Box 1 | Common statistics for describing genome assemblies

From the following article:

A beginner's guide to eukaryotic genome annotation

Mark Yandell & Daniel Ence

Nature Reviews Genetics 13, 329-342 (May 2012)

doi:10.1038/nrg3174

Genome assemblies are composed of scaffolds and contigs. Contigs are contiguous consensus sequences that are derived from collections of overlapping reads. Scaffolds are ordered and orientated sets of contigs that are linked to one another by mate pairs of sequencing reads.

Scaffold and contig N50s

By far the most widely used statistics for describing the quality of a genome assembly are its scaffold and contig N50s. A contig N50 is calculated by first ordering every contig by length from longest to shortest. Next, starting from the longest contig, the lengths of each contig are summed, until this running sum equals one-half of the total length of all contigs in the assembly. The contig N50 of the assembly is the length of the shortest contig in this list. The scaffold N50 is calculated in the same fashion but uses scaffolds rather than contigs. The longer the scaffold N50 is, the better the assembly is. However, it is important to keep in mind that a poor assembly that has forced unrelated reads and contigs into scaffolds can have an erroneously large N50. Note too that scaffolds and contigs that comprise only a single read or read pair — often termed 'singletons' — are frequently excluded from these calculations, as are contigs and scaffolds that are shorter than ~800 bp.
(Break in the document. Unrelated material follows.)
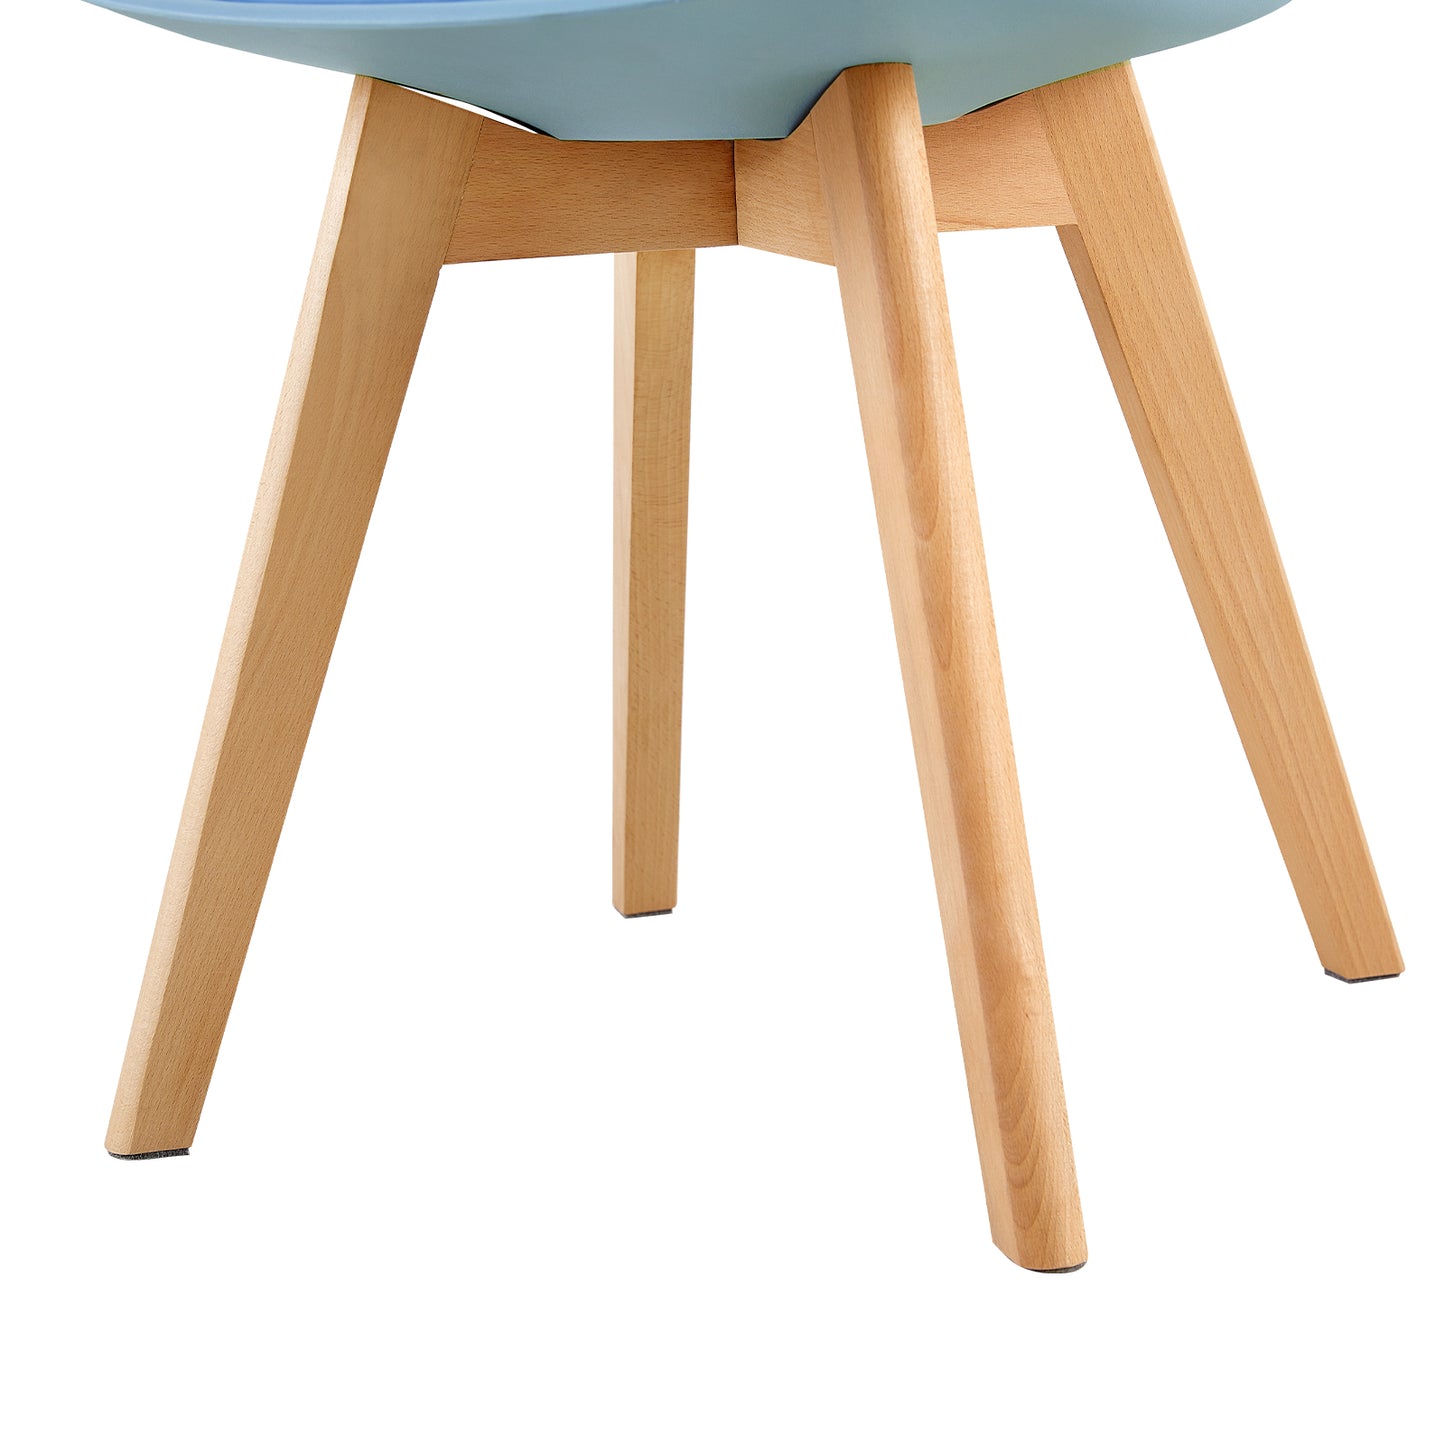 1 Chaise Design Plastique Scandinave Chaise de Salle à manger - Bleu

The procedures used to calculate N50 may therefore vary between genome projects.

Percent gaps

Another important assembly statistic is its percent gaps.Unsequenced regions between mate pairs in contigs and between scaffolds are often represented as runs of 'N's in the final assembly. Thus two assemblies can have identical scaffold N50s but can still differ in their percent gaps: one has very few gaps, and the other is heavily peppered with them. Estimates of gap lengths are often made based on library insert sizes and read lengths; when these are available, the number of 'N's in these gaps usually, but not always, represents the most likely estimate of that gap's size; sometimes, all gaps are simply represented by a run of 50 'N's regardless of their size.

Percent coverage

Percent coverage is used in two senses: genome coverage and gene coverage. The first number, genome coverage, refers to the percentage of the genome that is contained in the assembly based on size estimates; these are usually based on cytological techniques116, 117. Genome coverage of 90–95% is generally considered to be good, as most genomes contain a considerable fraction of repetitive regions that are difficult to sequence. So it is not a cause for concern if the genome coverage of an assembly is a bit less than 100%. Gene coverage is the percentage of the genes in the genome that are contained in the assembly. Gene and genome coverage can differ from one another, as hard-to-assemble repetitive regions are often gene-poor. As a result, the percentage gene coverage is often substantially larger than the percentage genome coverage for some difficult-to-assemble genomes.